Nobel Prize winner Professor Peter Higgs on 20 July 2015 won the world’s oldest scientific prize, the Royal Society’s Copley Medal. With this, 86-year old Higgs joined the ranks of Charles Darwin, Albert Einstein and Stephen Hawking.
He was awarded the medal for his fundamental contribution to particle physics and his pioneering work on the theory of the Higgs boson that explains the origin of mass in elementary particles. The presence of Higgs boson was confirmed by the experiments at Large Hadron Collider (LHC) in 2012.
Modern physics suggests that matter consists of a set of particles that act as building blocks and that between these particles lie forces that are controlled by another set of particles. A fundamental property of the majority of particles is that they have a mass.
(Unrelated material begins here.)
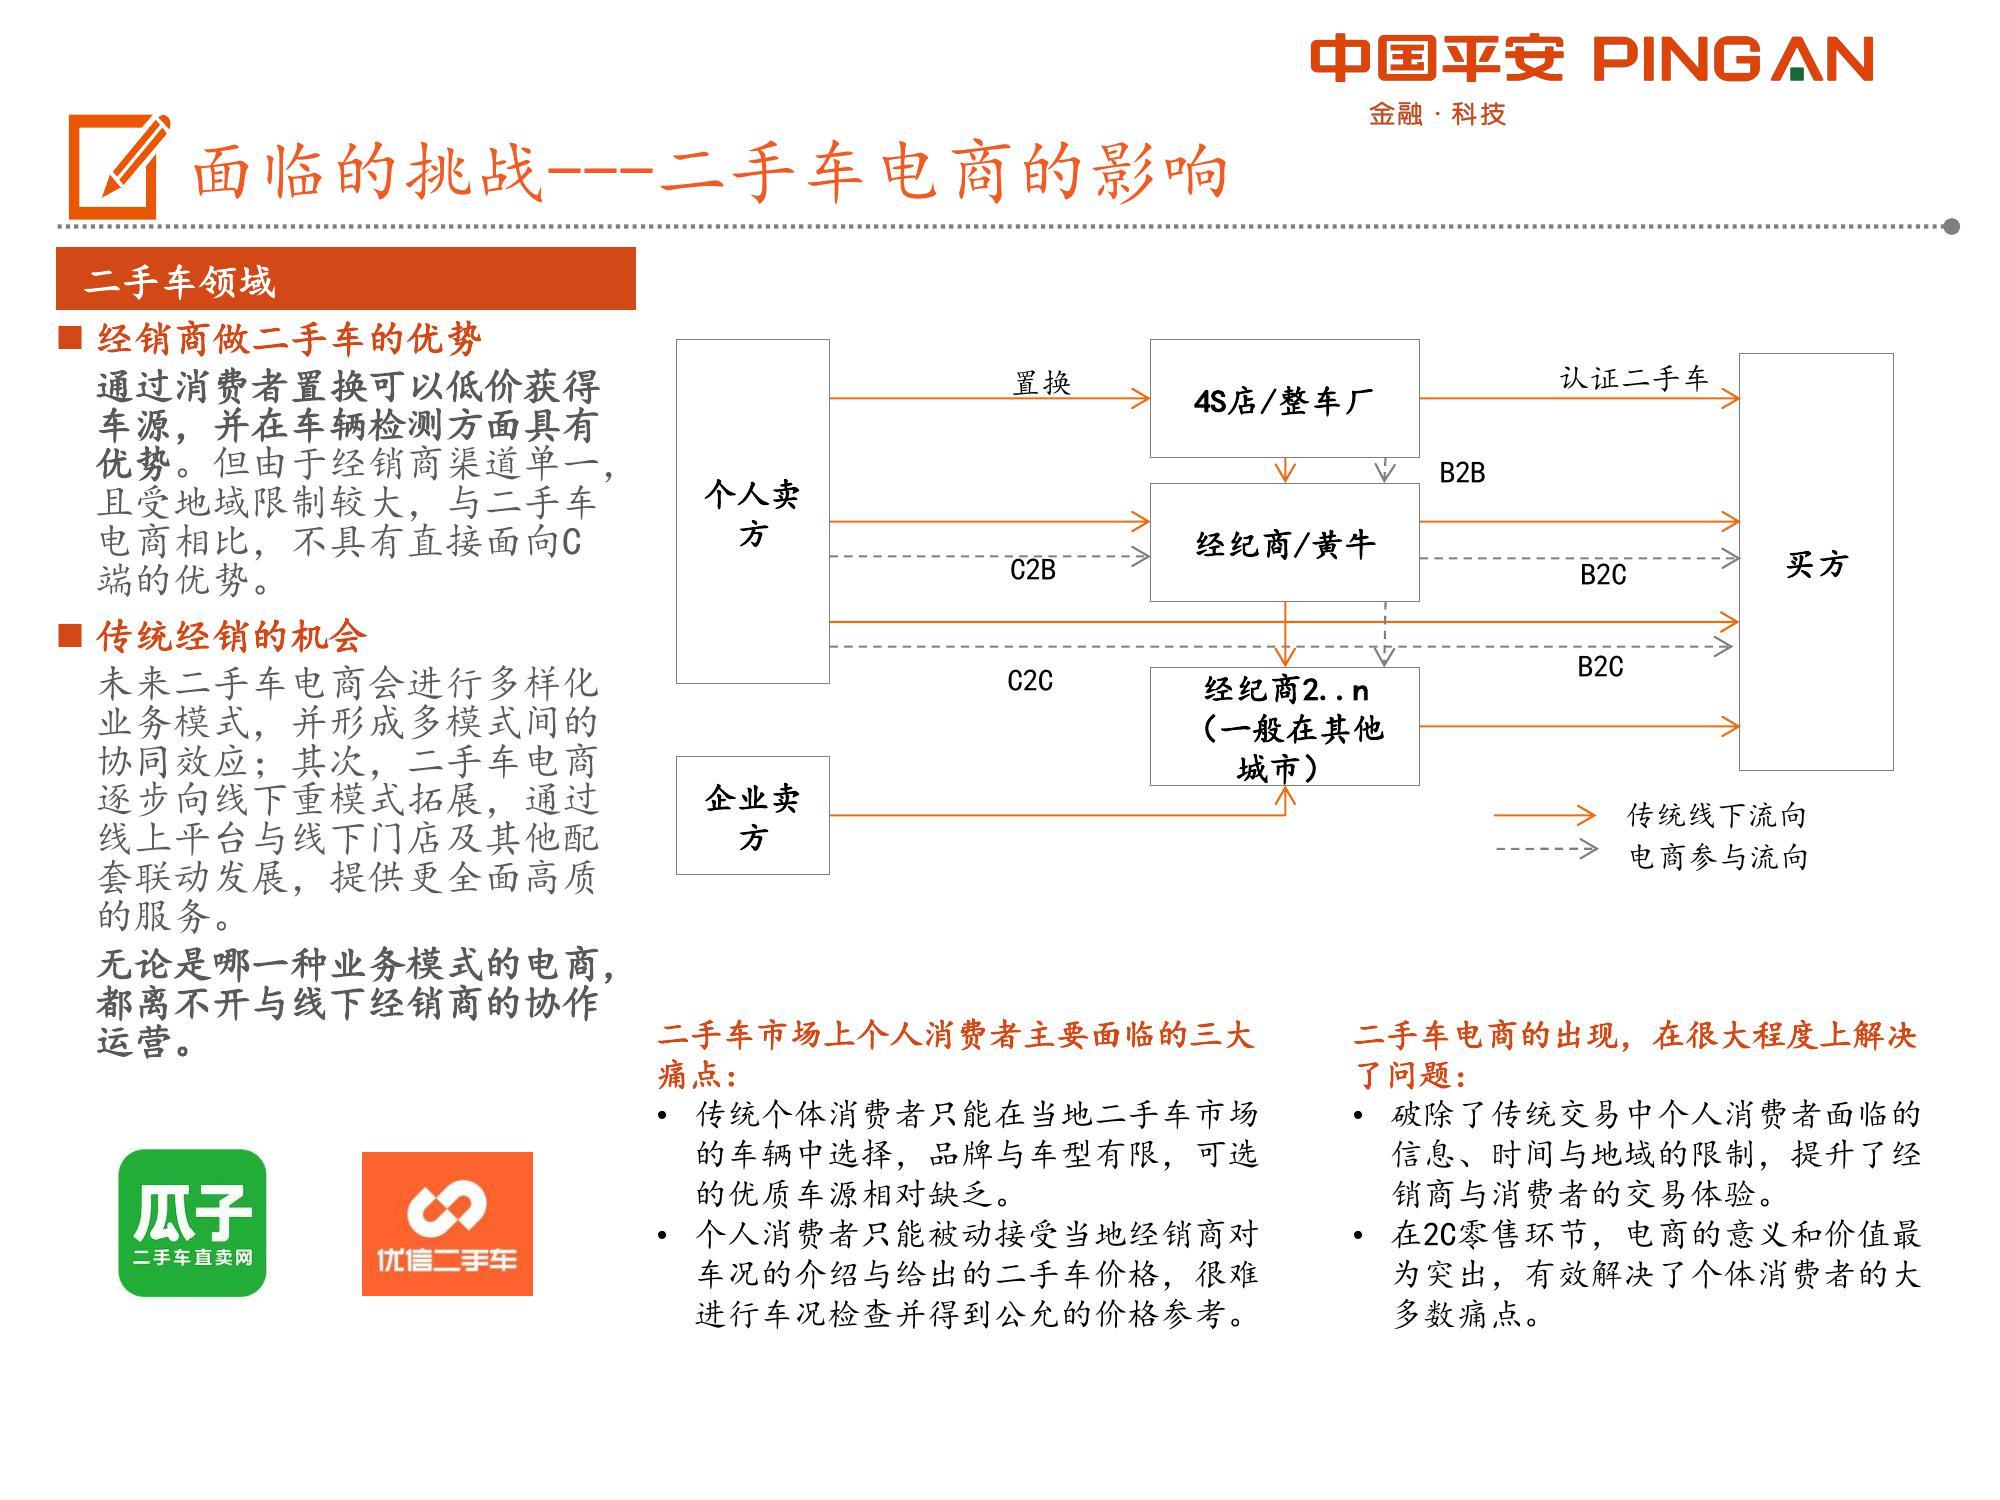 虎扑体育手机官网-官网首页

In 1964, Peter Higgs proposed a theory about the existence of a particle that explains why these other particles have a mass. At the same time, yet separately, François Englert and Robert Brout proposed the same theory.
The existence of the Higgs boson was confirmed by two experiments carried out at the Large Hadron Collider in 2012 with the resultant effect that the Nobel Prize in Physics 2013 was awarded jointly to Peter Higgs and François Englert.
The Copley medal was first awarded by the Royal Society in 1731, 170 years before the first Nobel Prize. It is awarded for outstanding achievements in scientific research.
In 2014 it was awarded to DNA fingerprinting pioneer Alec Jeffreys and Andre Geim was given the award in 2013 for his discovery of graphene.